Arctic tundra showing permafrost thawing. Above: Professor Scott Goetz and assistant research professor Logan Berner (not pictured) are involved in an effort that brings together remote sensing scientists and field ecologists to provide a better understanding of how vegetation is changing across the Arctic.

“Vegetation productivity is important because it is one of three components of the Arctic system that determine the balance of terrestrial carbon exchange with the atmosphere,” said Goetz. “The other two are respiration from microbes in the soil as they break down organic matter, which has increased with the thawing of permafrost soils, and wildfire, which rapidly releases tremendous amounts of carbon through the burning of vegetation and soil organic matter.”

Satellite records indicate widespread greening trends across the circumpolar Arctic, but the new paper lays out a research framework to better characterize how changes vary across space and time and among various satellite data sets, as well as how the changes are interpreted and integrated with field measurements.

“There are a number of challenges to inferring decadal-scale trends in vegetation productivity across the Arctic,” Berner said. “We’ve relied on National Oceanic and Atmospheric Administration (NOAA) satellites in recent decades, but now other satellite data are increasingly available that enable us to better resolve changes. We’re confident the Arctic is greening, but we want to do a better job incorporating new satellite and drone remote sensing data with field measurements to understand where, why and how vegetation is changing across the Arctic domain.”

Greening indicates systematic increases in the growth of vegetation, which takes up carbon from the atmosphere. However, the researchers also hope to further their understanding of browning events, which indicate declining productivity and have been linked to extreme temperature changes, drought and fire disturbance.

“Wildfires in many regions have increased in extent and severity with warming, and there is a growing recognition that fires also will become more frequent and severe in tundra ecosystems,” Goetz said.

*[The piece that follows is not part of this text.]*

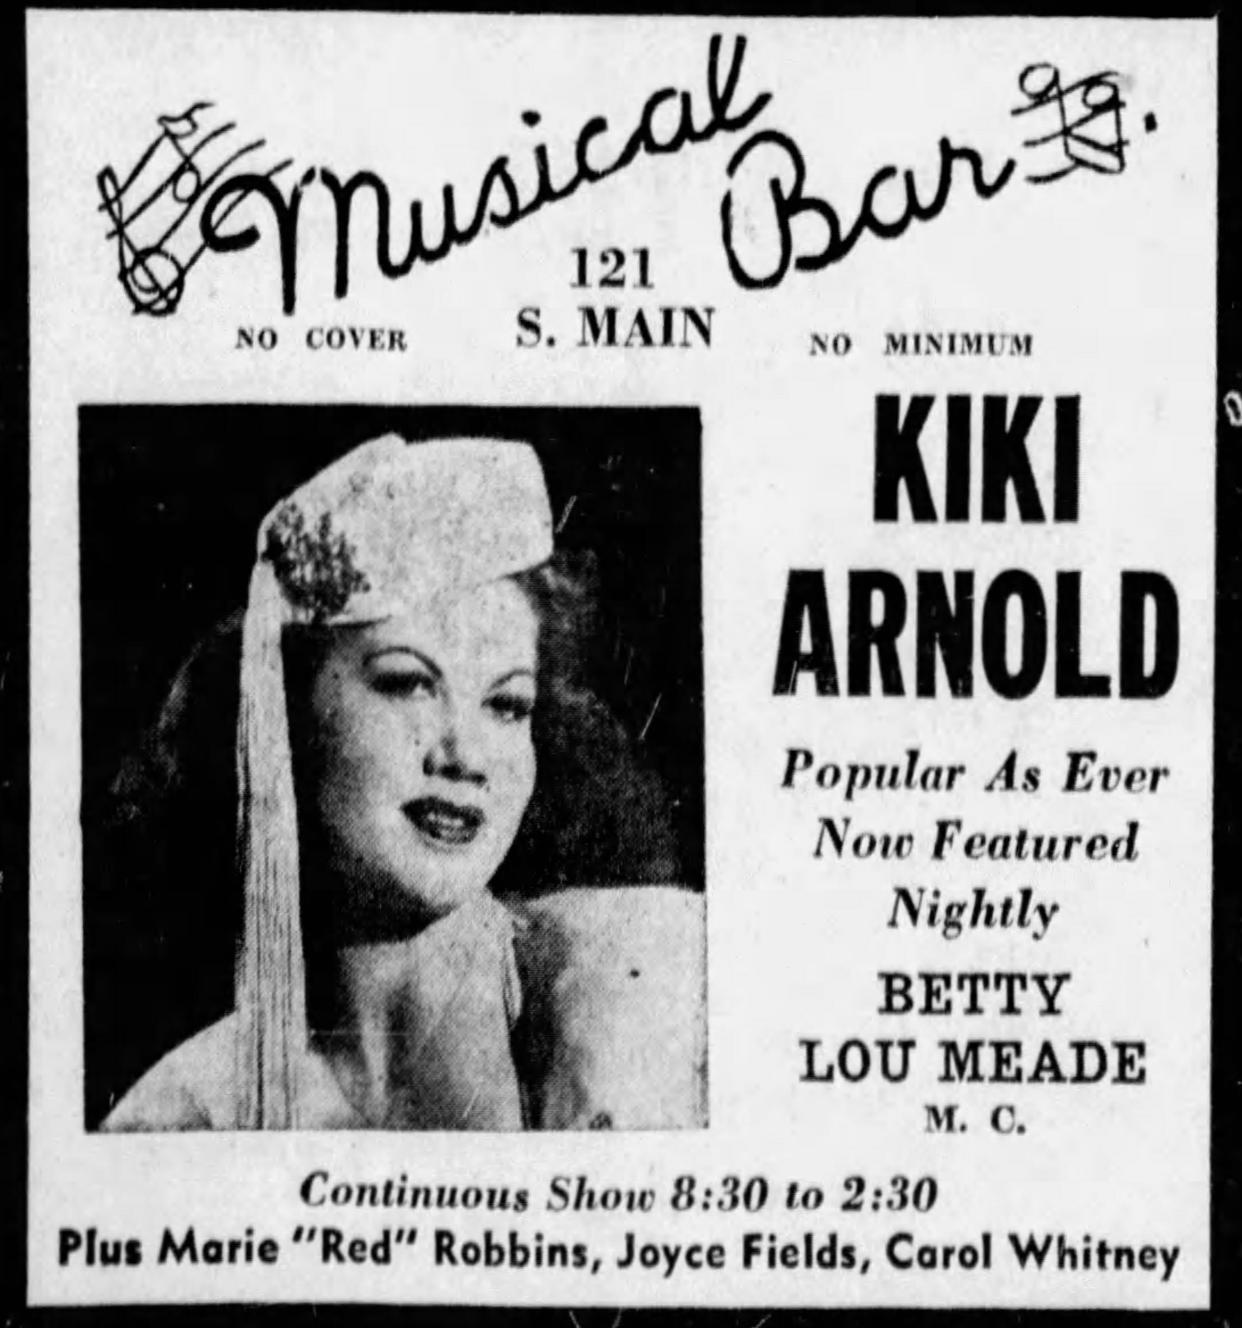 Akron burlesque star Kiki Arnold headlines the Musical Bar in 1948.

Changing vegetation productivity in the Arctic also is important because it influences how wildlife like caribou and moose will persist in the world’s largest wild areas and how the human communities that depend on them for subsistence will be affected.

“The aim of this research is ultimately to understand how satellites can provide better information on how much carbon is being removed from the atmosphere by Arctic vegetation relative to how much carbon is being released through permafrost thawing and fire. What is mitigating additional warming and what is exacerbating additional warming?” Goetz said. “We are charting a path forward to improve and advance the research.”

The paper arose from a tundra vegetation dynamics working group supported by the Synthesis Centre of the German Centre for Integrative Biodiversity Research and also was informed by a U.S. National Academy of Sciences workshop that Goetz chaired, entitled “Understanding Northern Latitude Vegetation Greening and Browning.” Berner and professor Michelle Mack of NAU’s Center for Ecosystem Science and Society were among the presenters. Their participation was supported by the NASA ABoVE program.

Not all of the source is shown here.